Data shown:
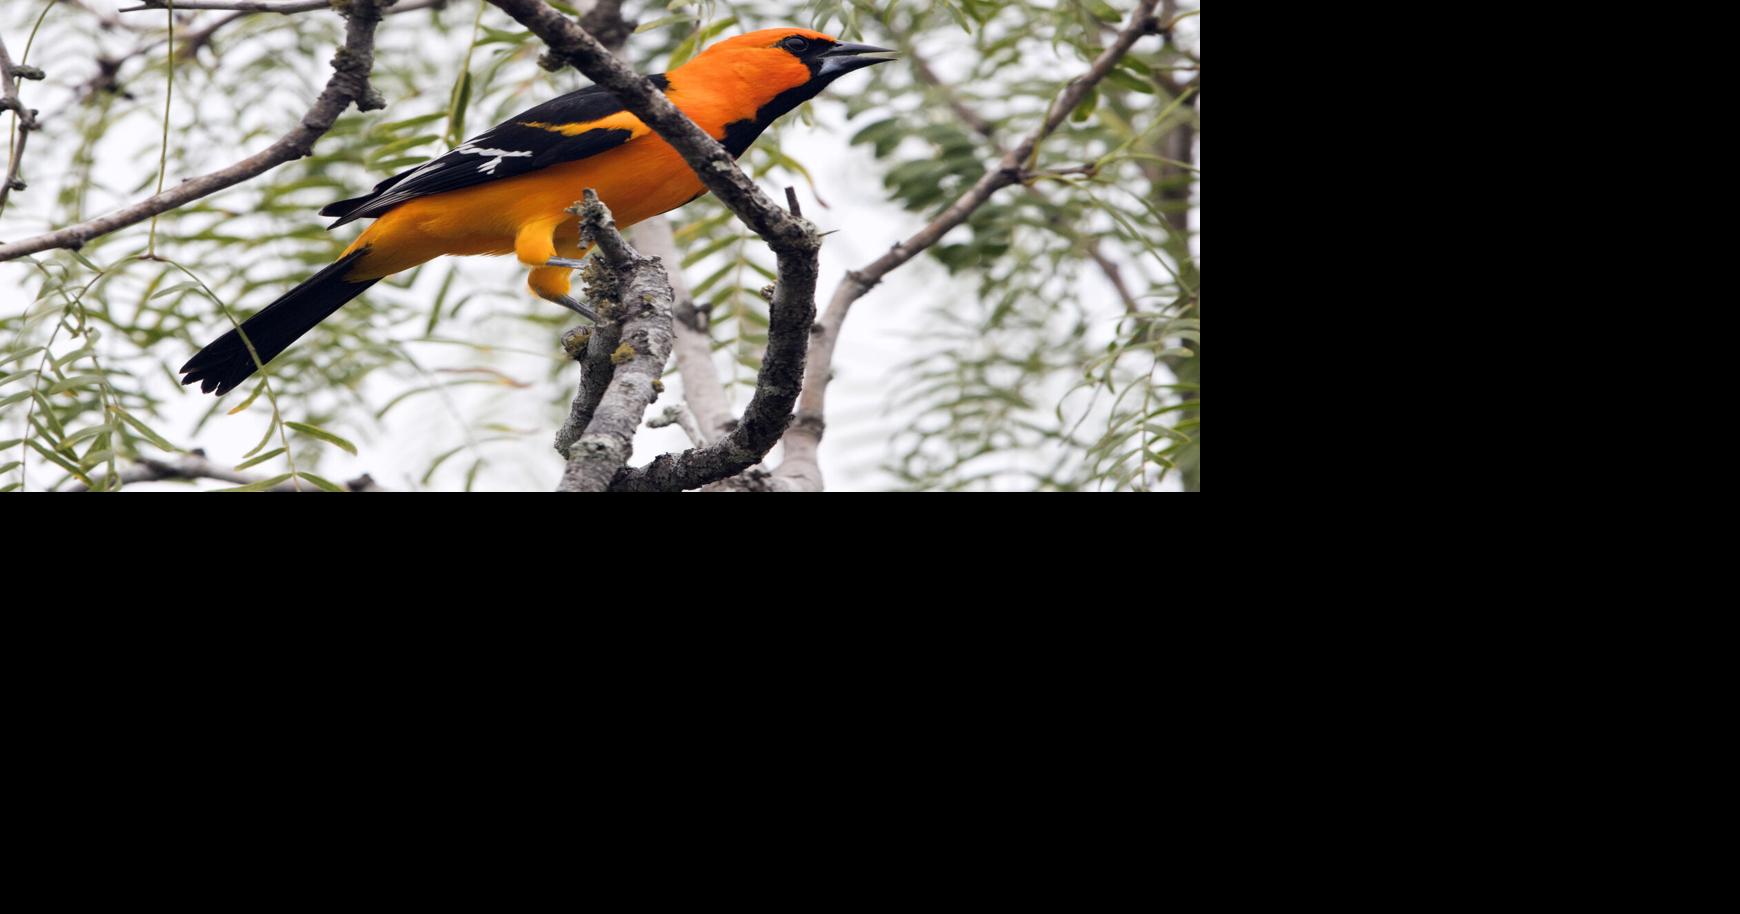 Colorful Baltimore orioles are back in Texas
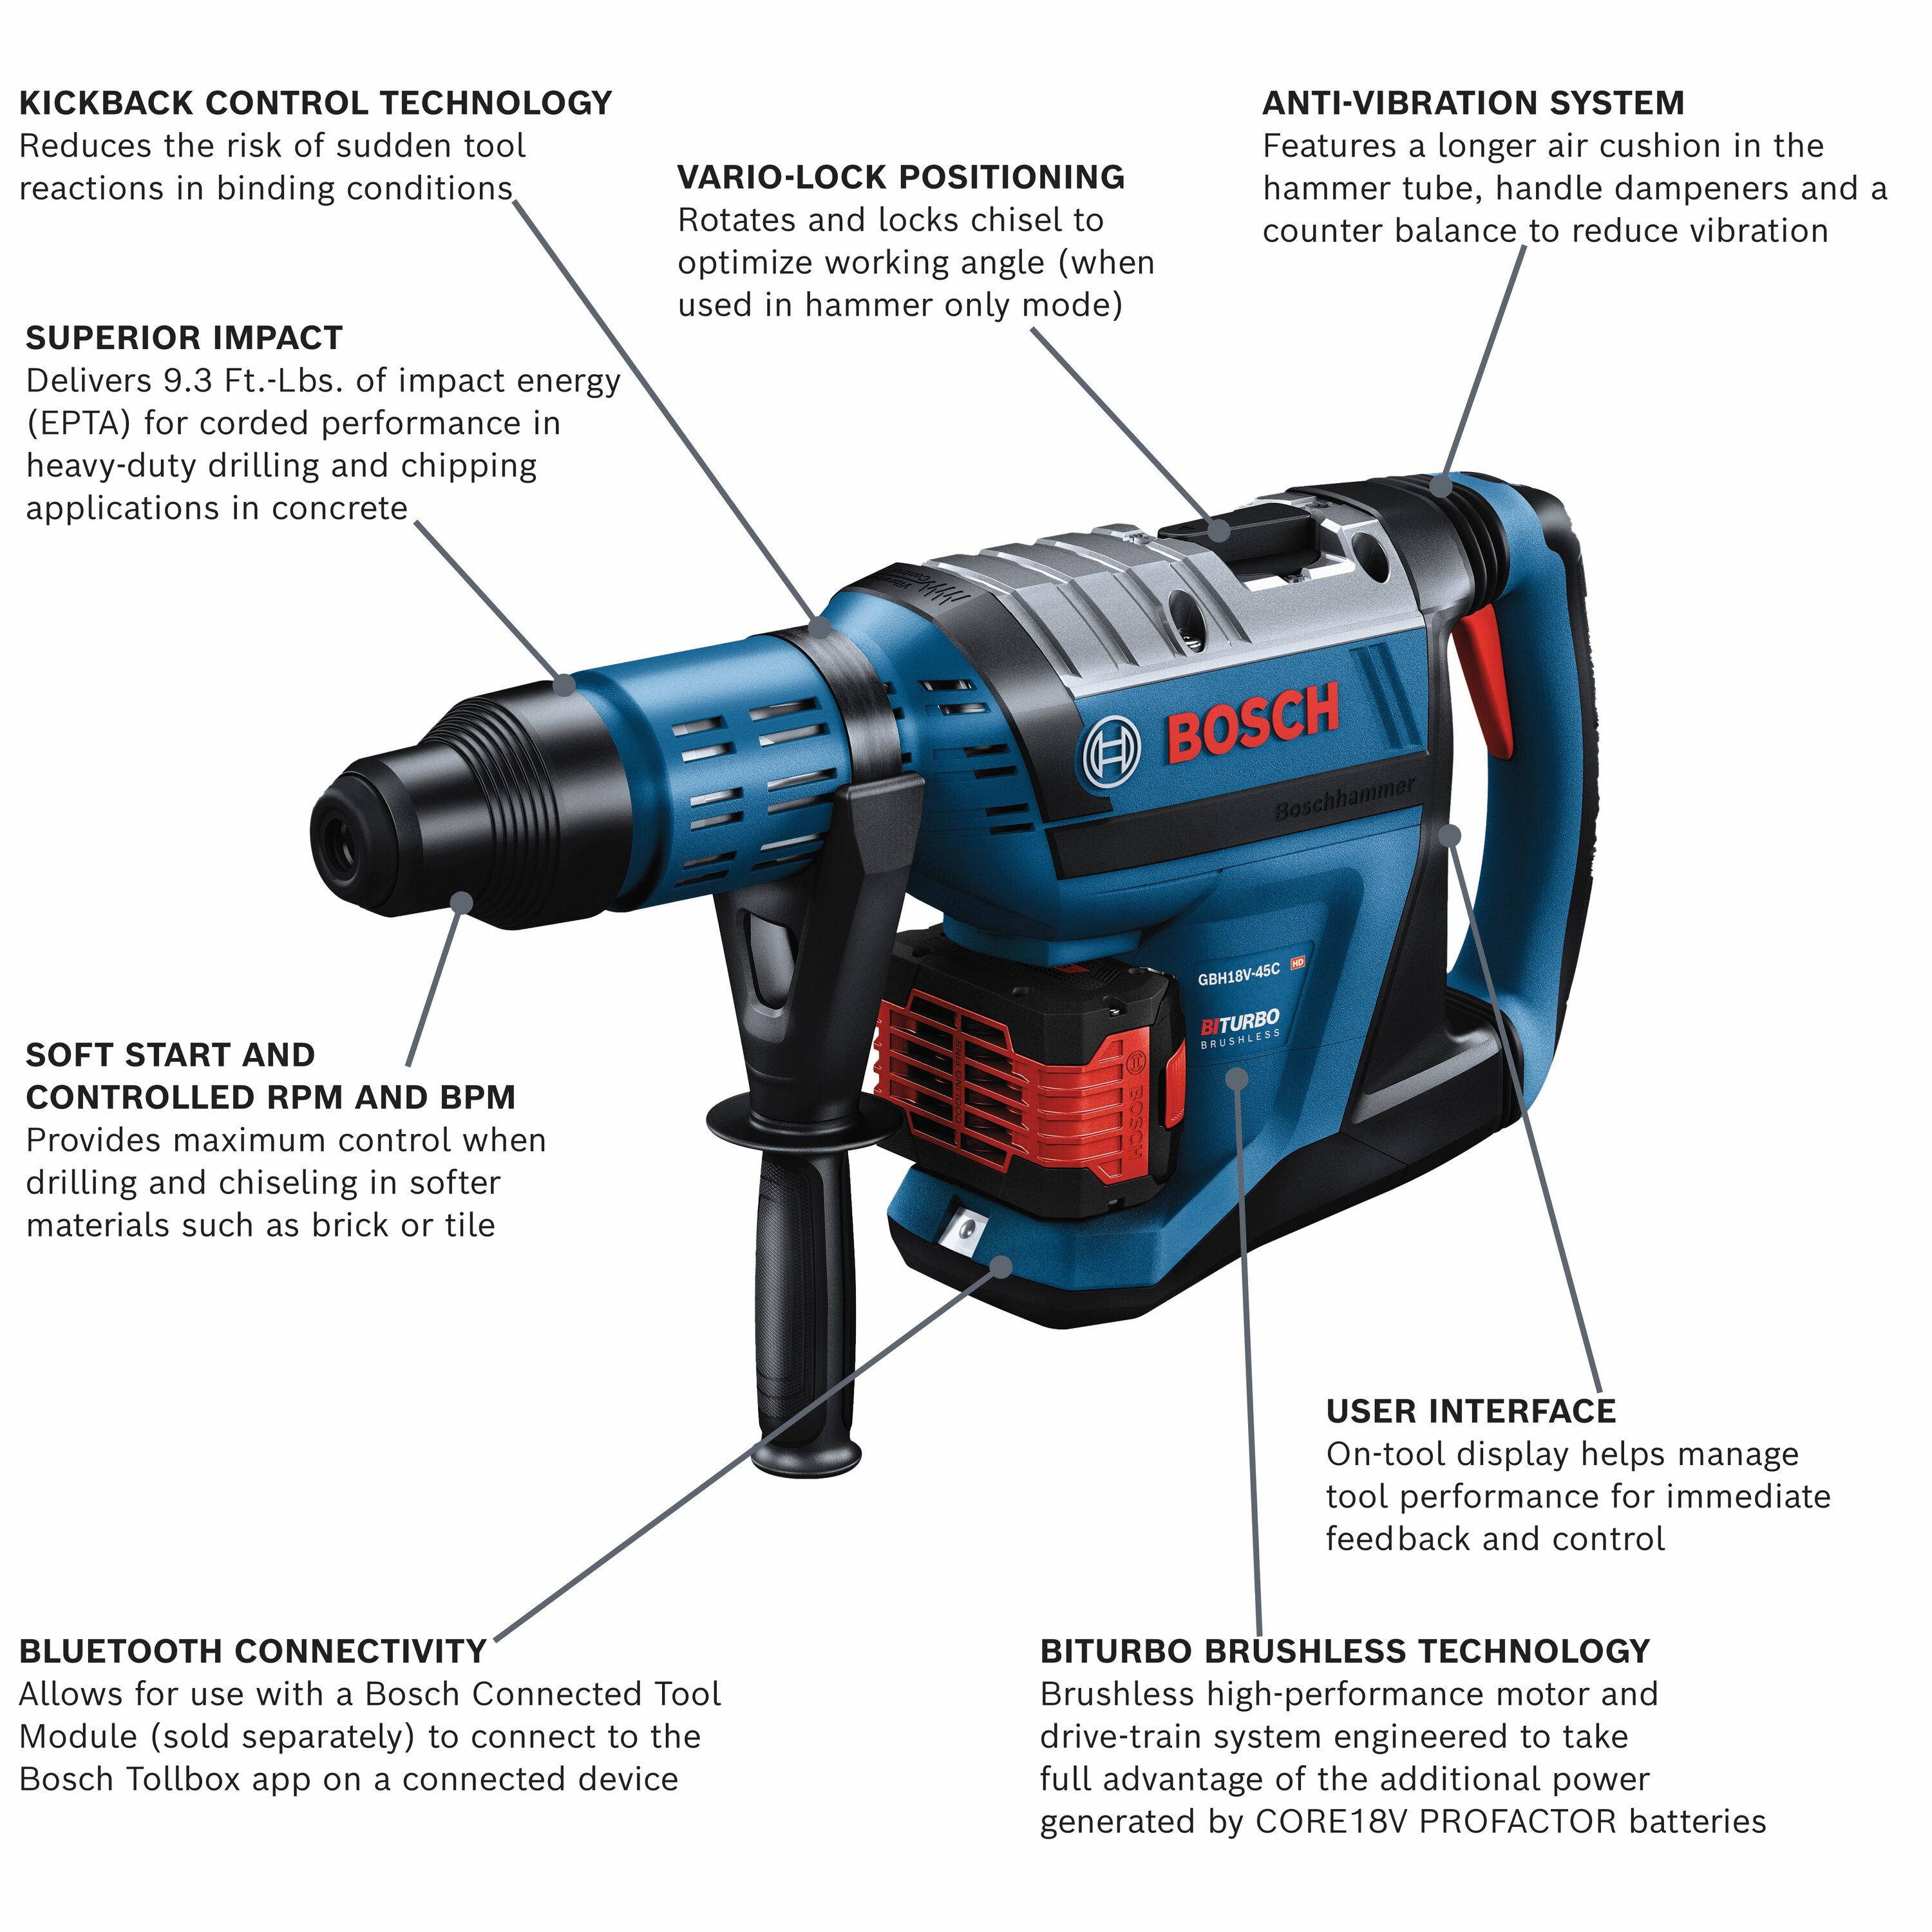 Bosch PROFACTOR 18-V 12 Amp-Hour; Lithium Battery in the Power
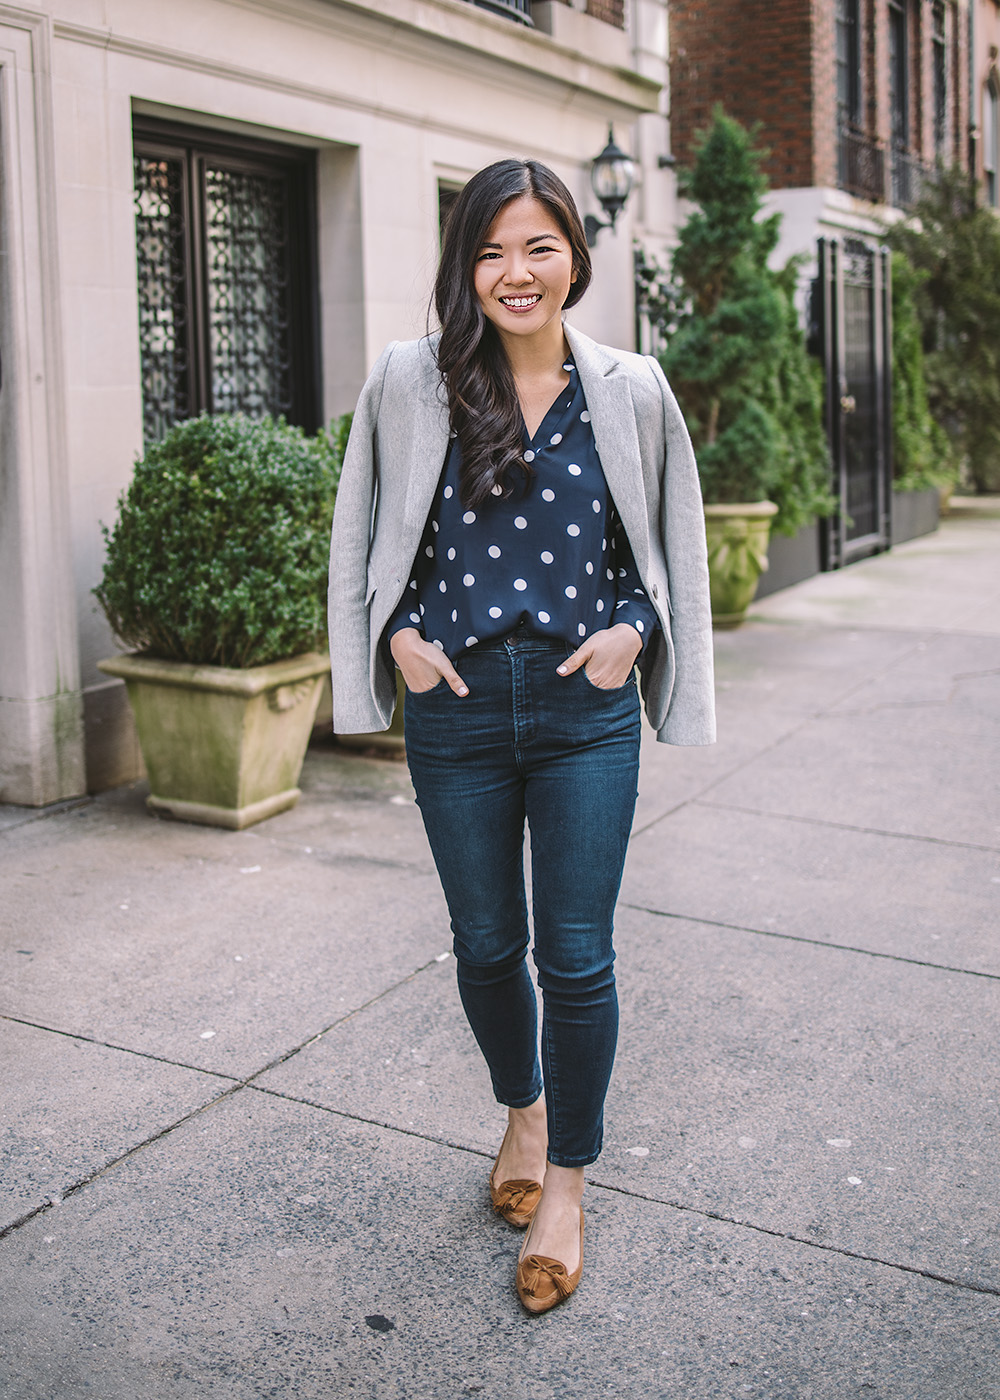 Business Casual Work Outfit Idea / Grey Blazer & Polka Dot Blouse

What the task asks: Exact copy, pictures omitted: every line from the one holding "Bosch PROFACTOR 18-V" through the last line of the data above, and nothing else.

Result for this exercise:
 Bosch PROFACTOR 18-V 12 Amp-Hour; Lithium Battery in the Power
 Business Casual Work Outfit Idea / Grey Blazer & Polka Dot Blouse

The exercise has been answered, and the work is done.